長生浦モノレール

長生浦モノレール(장생포모노레일/読み:チャンセンポモノレイル)は、蔚山広域市南区の長生浦クジラ文化特区内にあるクジラ博物館(고래박물관/読み:コレバンムルグァン)とクジラ文化村(고래문화마을/読み:コレムナマウル)を結ぶ、周回軌道のスロープカーである。2018年5月18日に開通した。レール長:1,338m、運行速度:70m/分(=4.2km/h)、路線の最大傾斜は18度(=325‰)(※1)。三相交流400V電化。レール規格はD270(D=Depth。数字はレール上面から底面までの深さ(高さ)を示す)。一周の所要時間は約21分。
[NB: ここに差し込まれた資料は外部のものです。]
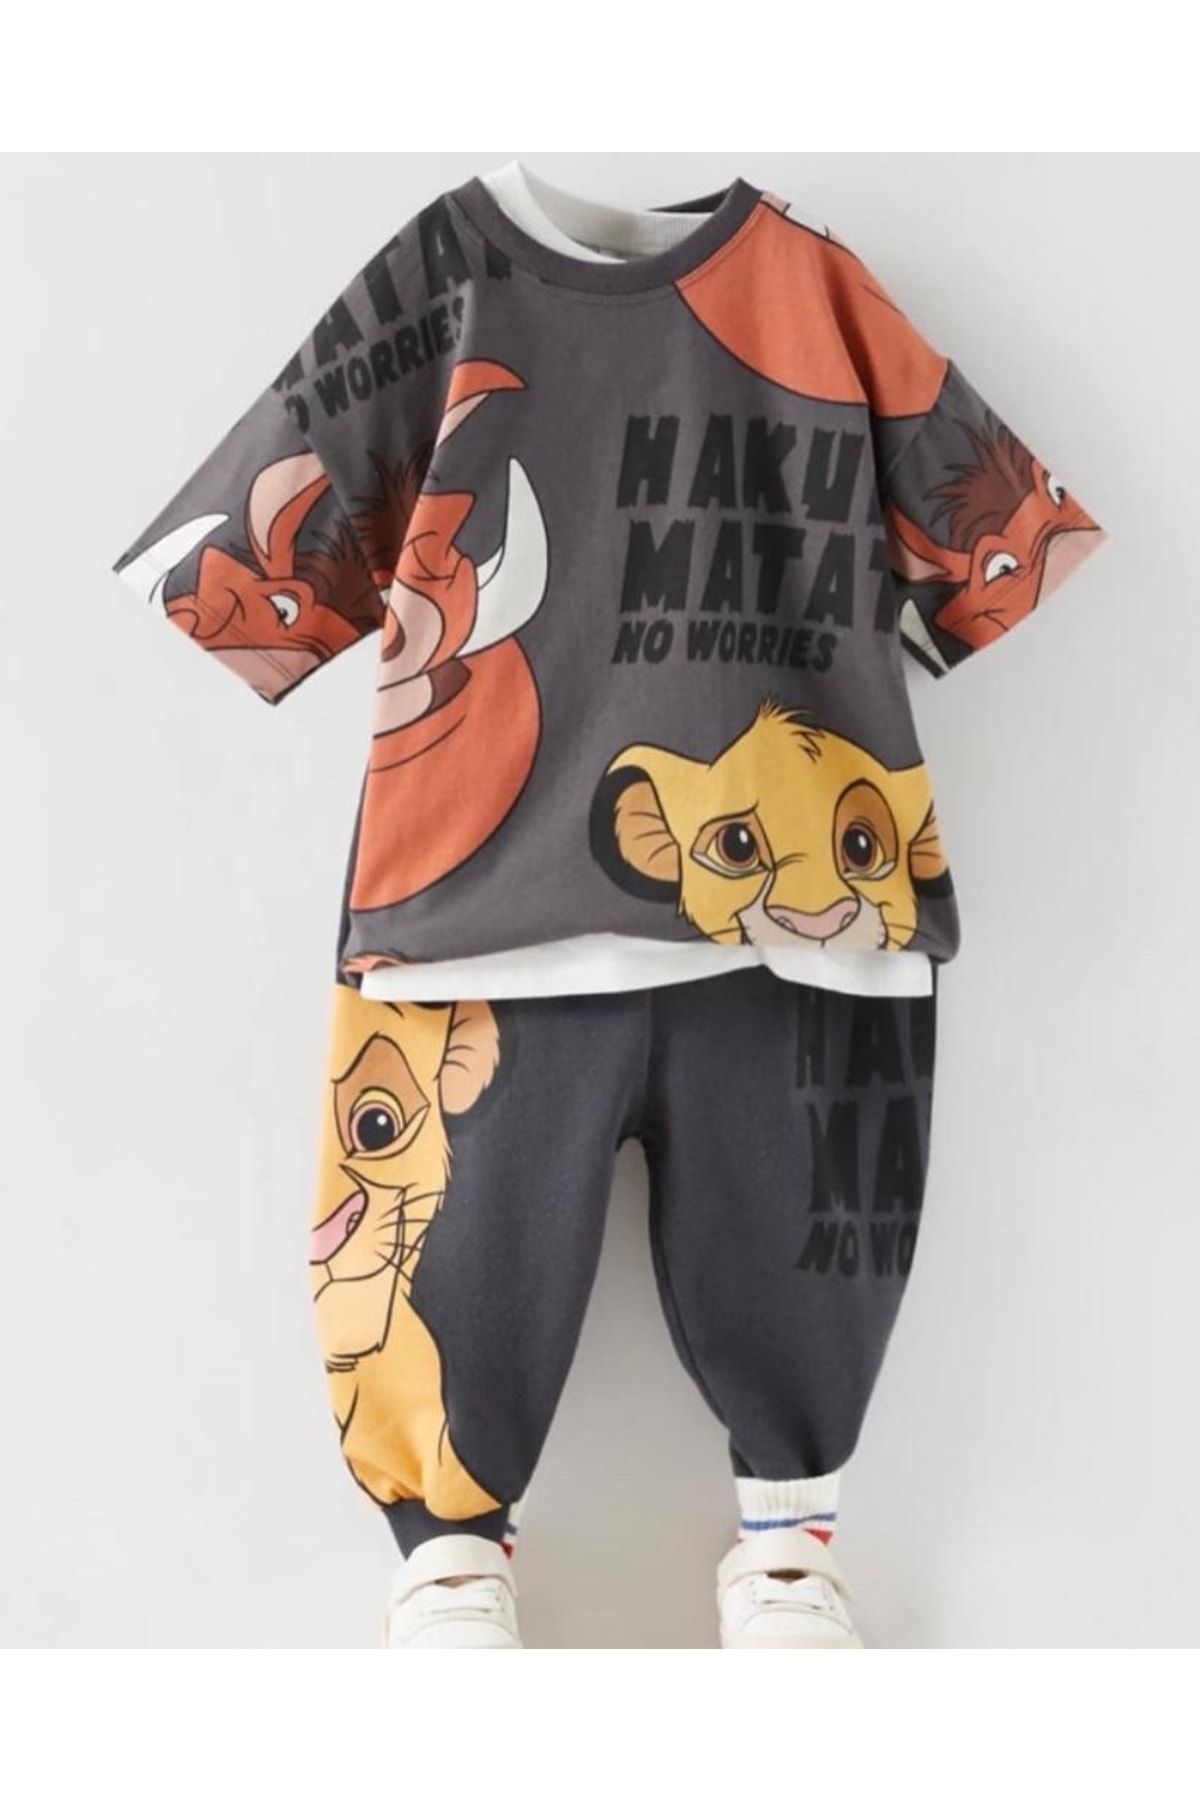 BELLA&MODA Lion Erkek Çocuk Pijama Ve Tişört Kombin, Aslan Kral Baskılı Yeni Sezon Erkek Çocuk Eşofman Takımı
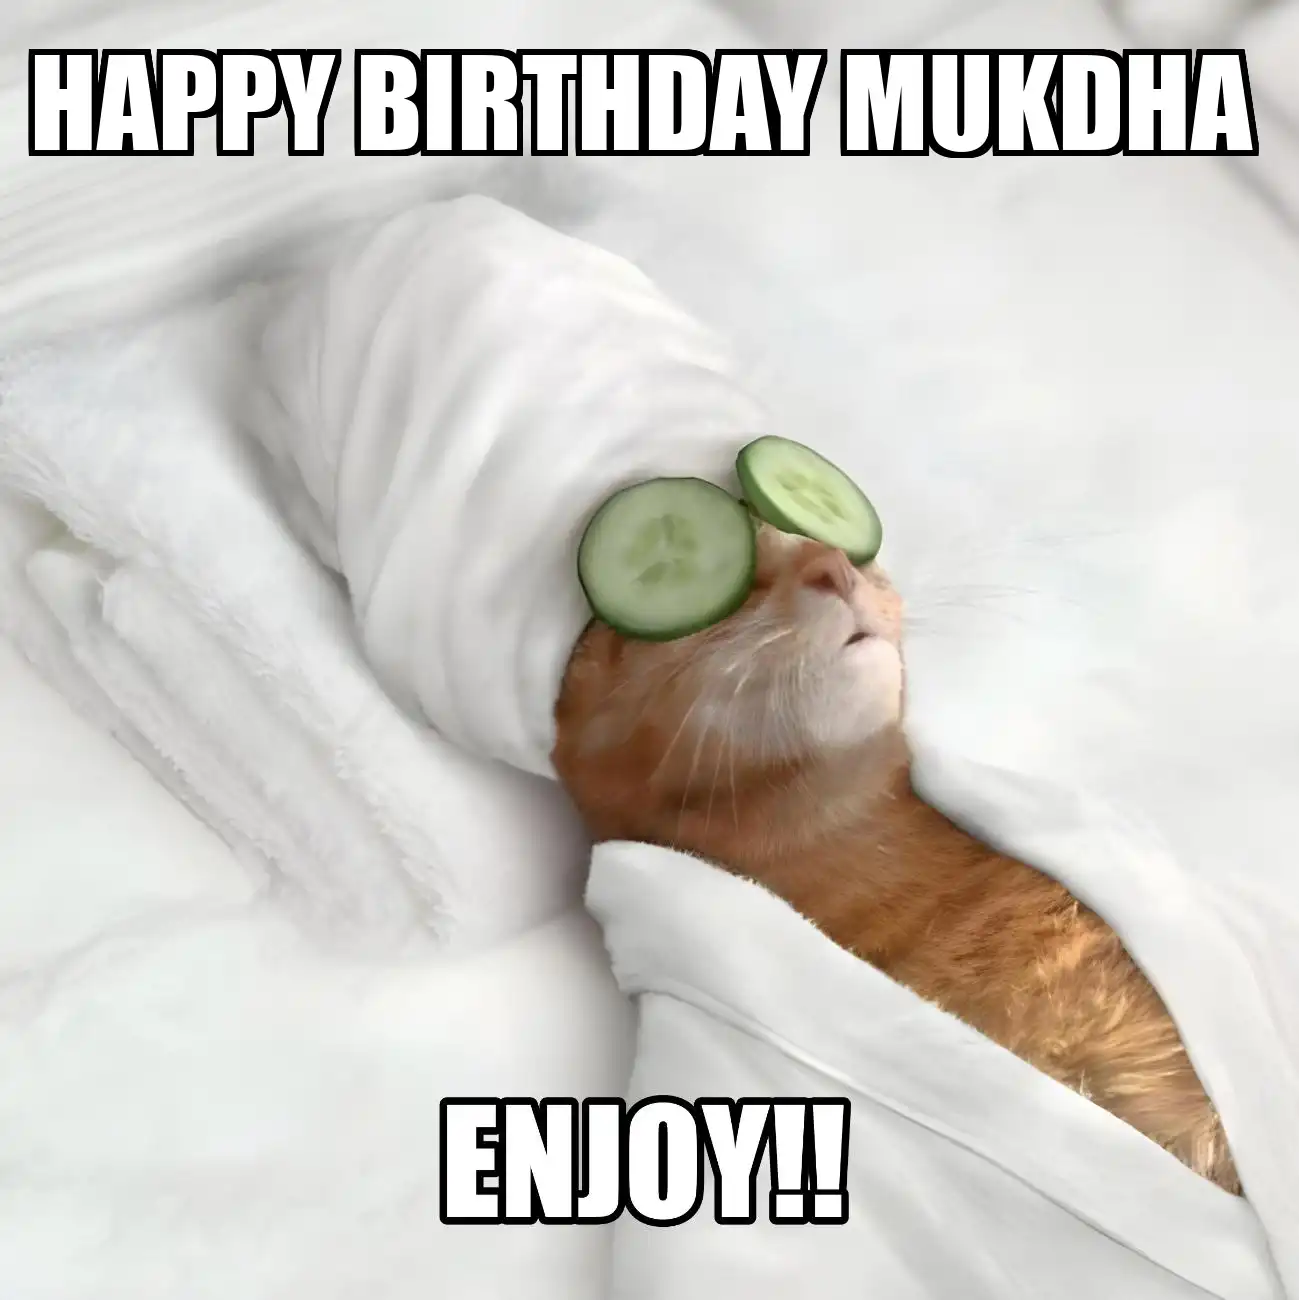 Happy Birthday Mukdha Enjoy Cat Meme

運行時間は10:00~18:00(曜日・季節によって延長運転あり)、運賃は大人11,000ウォン(2023年1月現在)。施設運営は韓国モノレール株式会社(以下、韓国モノレール社)の関係会社である長生浦モノレール株式会社。なお、長生浦クジラ文化特区全体の運営は蔚山広域市南区都市管理公団が行っている。

車両は1両編成で、同時に最大6両が約3~5分間隔で運行されている。日本には存在しない同一軌道上を複数車両が走行する構造(※2)のため、障害物検知対策として車両の前後に障害物接触バンパーが設置され、加えて車両前方に超音波センサー、測域センサー等も設置されているのが特徴である。また、周回軌道のため進行方向も非常時や車両基地内を除いて片方向のみである。車両は2018年に5両が製造され、2020年に1両が増備された。2018年に製造された5両はドアが手動開閉式であるのに対し、2020年に製造された1両はドアが自動開閉になる等のマイナーチェンジが行われている。なお、2018年に導入された5両は当初8人乗りだったが、後に9人乗りに改造された(2020年製の1両は当初から9人乗り仕様である)。長生浦モノレールは設計上、最大8両を同時運行できる仕様である。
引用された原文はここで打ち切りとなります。